В восемь часов вечера Родионов встал из-за стола. Убрал документы в сейф. Сказал:
- Сейчас едем к тебе домой, дождемся наших офицеров, они останутся с тобой в квартире. Будет звонить Крученый или Антон, скажешь, что никто не приходил, что скучаешь, пусть приезжают. Поняла?
Она послушно кивнула. В глазах ее стояли боль и усталость.
- Тогда - поехали...
На подъезде к дому Ольга ухватила Родионова за руку, с заполошным испугом пролепетав:
- Они здесь... Вон машина...
И майор, невольно притормозив, увидел припаркованную возле подъезда "БМВ", возле которой стояли, угрюмо о чем-то беседуя, Антон и Крученый.
На мгновение Родионов растерялся. Что делать? Бандиты, вероятно, поджидают Ольгу, а может, не застав ее, уже собираются отъезжать... Да, Антон, похоже, садится за руль...
- Из машины не выходить! - прикрикнул Родионов на Ольгу и выскочил, досадуя, что оставил оружие на службе.

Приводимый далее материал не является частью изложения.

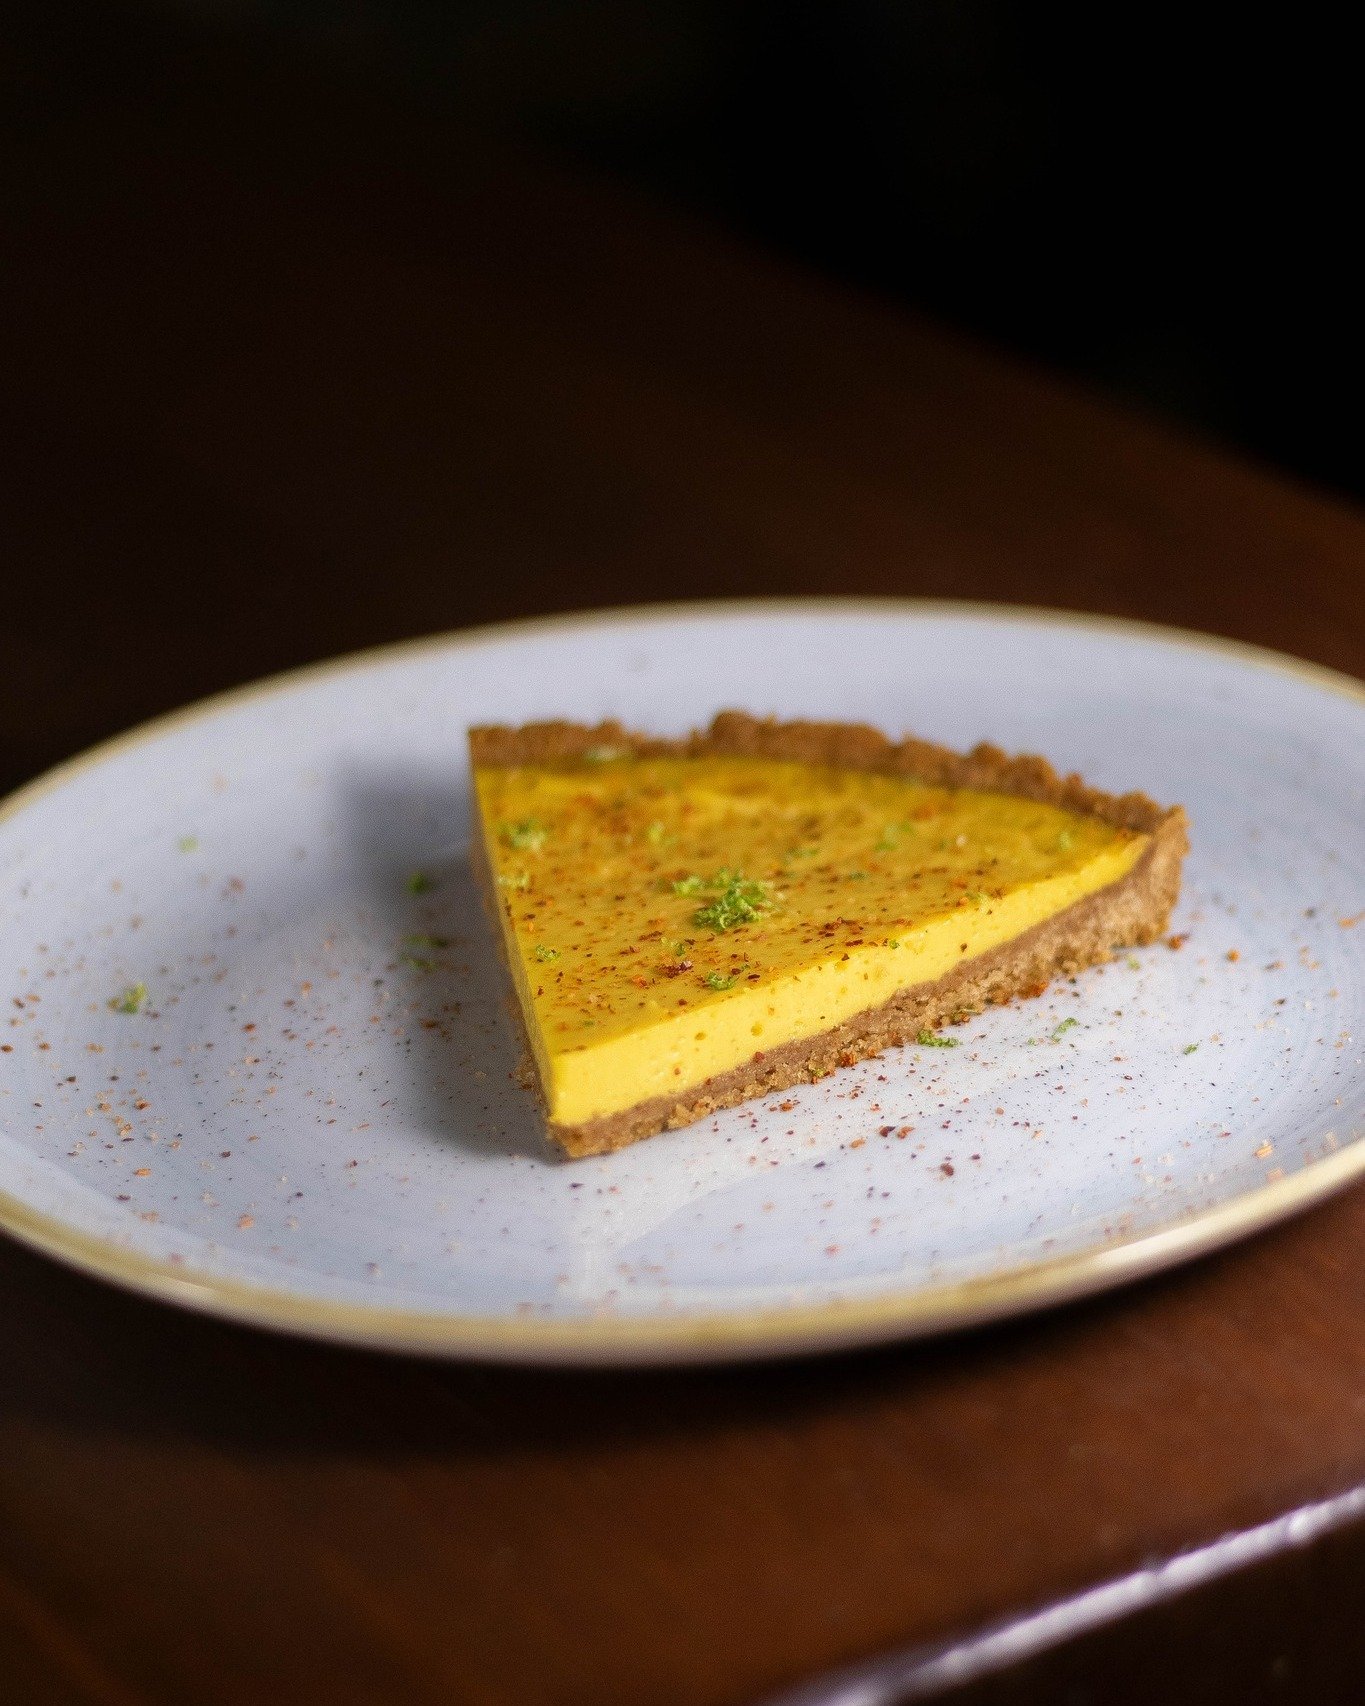 Finish things off on a high note with  our new mango-lime tart &amp; spiced chocolate souffl&eacute;. 🧁

Схватил Крученого, уже протискивавшегося в салон, за локоть:
- Не торопитесь, Александр Иванович, есть разговор...
- Ты чего, фрайер?! - В колючих глазках, уставившихся исподлобья на майора, читалась яростная готовность к отпору.

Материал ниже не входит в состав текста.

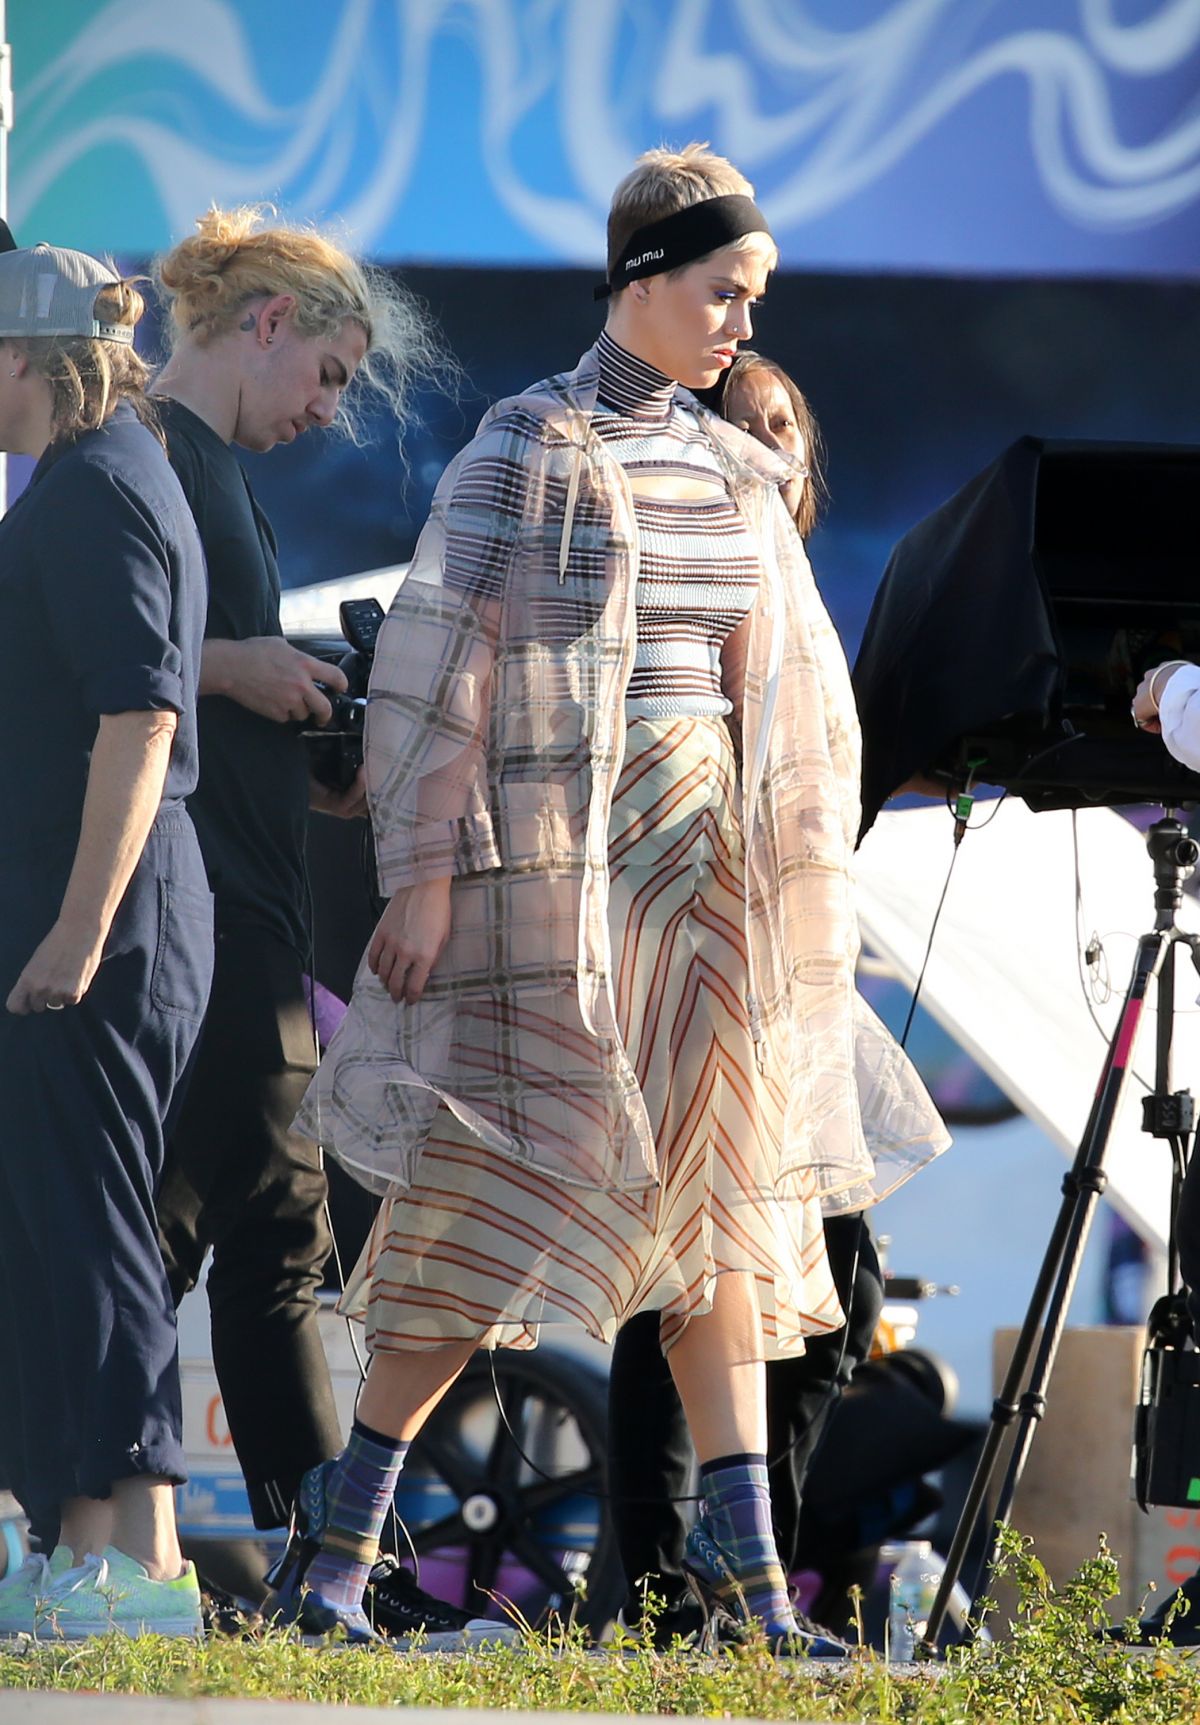 Katy Perry On The Set Of A Photoshoot In Wynwood Arts District In Miami

Родионов показал удостоверение. Невозмутимо пояснил:
- РУБОП. Вам и Антону придется проехать со мной.
- Клал я на твою ксиву вонючую, - с терпеливым презрением отозвался вор, совершая новую попытку влезть в автомобиль. - А на тебя... - Договорить он не успел: Родионов, ухватив его за плечо пиджака, рывком выдернул из салона. Дружелюбно предупредил: - Ты меня, Крученый, не зли, а то допросишься, чего не хотел... Больно ведь будет...
- Да ты чего тут быкуешь! - Кулак Крученого поднялся для удара, однако противник, искушенный в искусстве восточных единоборств, широко и косо взмахнул ногой, угодив каблуком в подбородок оказывающего сопротивление задержанного.
Крученый рухнул на асфальт.
Боковым зрением майор усмотрел вылезающего из автомобиля здоровяка Антона.
Лицо Антона выражало гамму сложных чувств: во-первых, его откровенно поразило, что могущественный и грозный кумир и хозяин в ответ на свое неподчинение приказу какого-то там мента получил от него - профессионально и без излишних препирательств - по физиономии; во-вторых, спешить на помощь своему патрону означало атаковать сотрудника милиции, что не поощрялось уголовным кодексом; и в-третьих, появился этот сотрудник со своими требованиями в данное время и в данном месте, конечно же, неслучайно.
Крученый поднялся, бросился на майора.
Родионов провел подсечку, вновь повалив противника, в котором чувствовались, несмотря на возраст, могучая физическая сила и готовность стоять в своем сопротивлении до конца.
Антон между тем сделал первый робкий шажок к месту схватки. То, что за первым ударом последует второй и третий, сомнений не вызывало.
Вновь атака Крученого, вновь удар майора, сваливший неугомонного вора наземь, и его нутряной рык:
- Антон, сука, фас!
Переросток, как сомнамбула, двинулся на Родионова, в эту секунду с неудовольствием припомнившего о самозабвенном увлечении будущего противника таинствами каратэ. Полумеры в отношении поклонника профессионального рукопашного боя были недопустимы: в Антоне мог привычно проснуться слепой агрессивный азарт бескомпромиссной схватки.